# Building new racing loft



## klondike goldie (Apr 20, 2009)

Hello, I'm building .


----------



## RodSD (Oct 24, 2008)

How did you muscle to put those legs in?


----------



## ezemaxima (Jan 12, 2008)

Nice job but what size bolts did you use to tie the post to the frame? Plus how deep are the holes you made for the concrete base? I hope they are strong enough to carry the loft weight plus all the pigeons and you. Keep us posted!


----------



## james fillbrook (Jan 2, 2009)

its coming on just fine


----------



## Big T (Mar 25, 2008)

Great job!! If you screw a 2X2 into the frame cut the width of the post above the post this will give you added support between the post and the frame. Big guys like me aways worry about support. Looks good so far.


----------



## g0ldenb0y55 (Dec 23, 2008)

very nice beginning to what looks like a great looking loft. Keep us posted.


----------



## sandiego (Jan 11, 2008)

are you planning to put cover on top of the pipe? it would help to protect them from the water going inside...


----------



## adamant (Apr 16, 2009)

post a pic


----------



## ThePigeonKid (Jan 15, 2009)

Yes, please post some more pics. Good job!


----------



## Jay3 (May 4, 2008)

Sounds like you're moving quickly and doing a great job. We love pictures! (hint, hint) LOL.


----------



## Deluhathol (Jan 26, 2009)

OK first of all you are doing an awesome job on that loft. I would love to have the property to be able to build something like that. But I have to ask, what are you using for the floor? It looks very durable. I'm currently looking into building a bigger loft and wanted to know where you got that stuff.


----------



## Lovebirds (Sep 6, 2002)

Your loft is really looking good!!


----------



## Jay3 (May 4, 2008)

It's really looking great. I can hardly wait to see it finished.
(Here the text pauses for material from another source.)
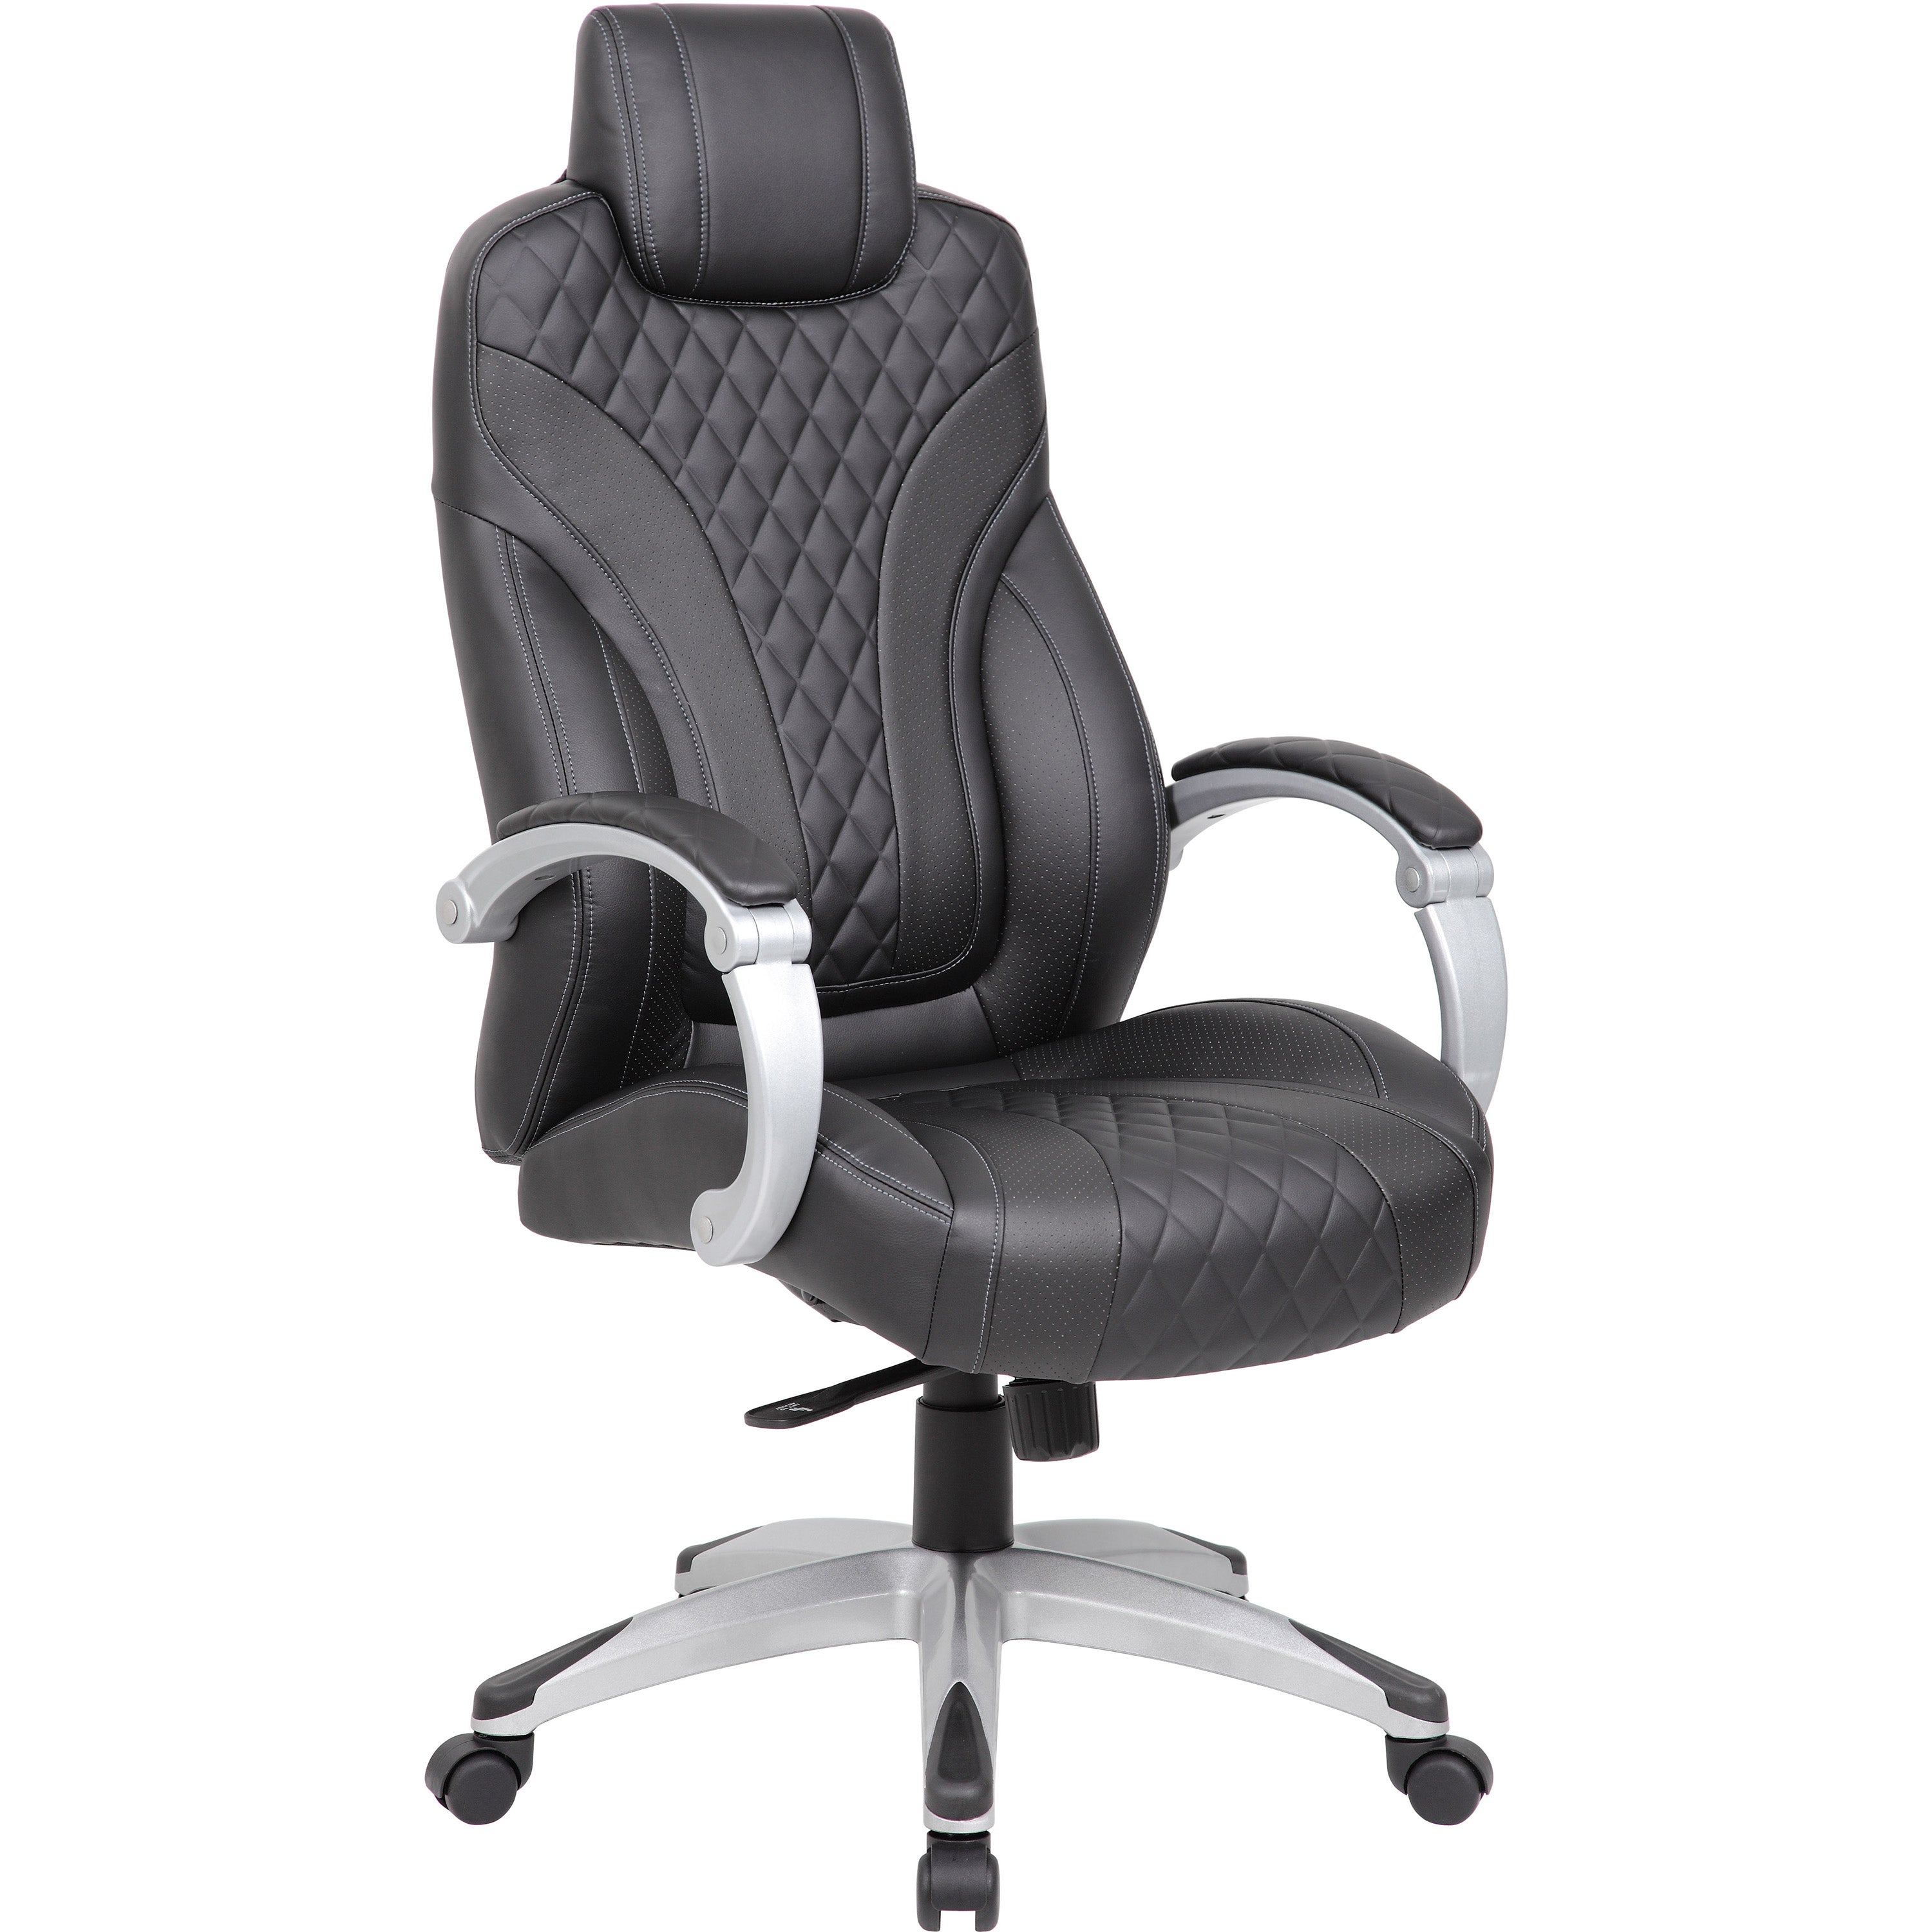 Executive Hinged Arm Chair - Black/Grey, B8871-BKGY

Bet you feel the same way.


----------



## sandiego (Jan 11, 2008)

it looks realy nice bud!!! keep us update!


----------



## Big T (Mar 25, 2008)

Add power and a bathroom ant I can move in. Great loft.


----------



## kingsley hannah (Jan 9, 2008)

great looking loft looking forward to seeing the birds in it  i had a floor like that in my loft and found it got too draufty and cold. what could you do to combat this?


----------



## Kevin (May 13, 2009)

Klondike, 

Your birds are gonna love their new home! Great job!


-Kevin


----------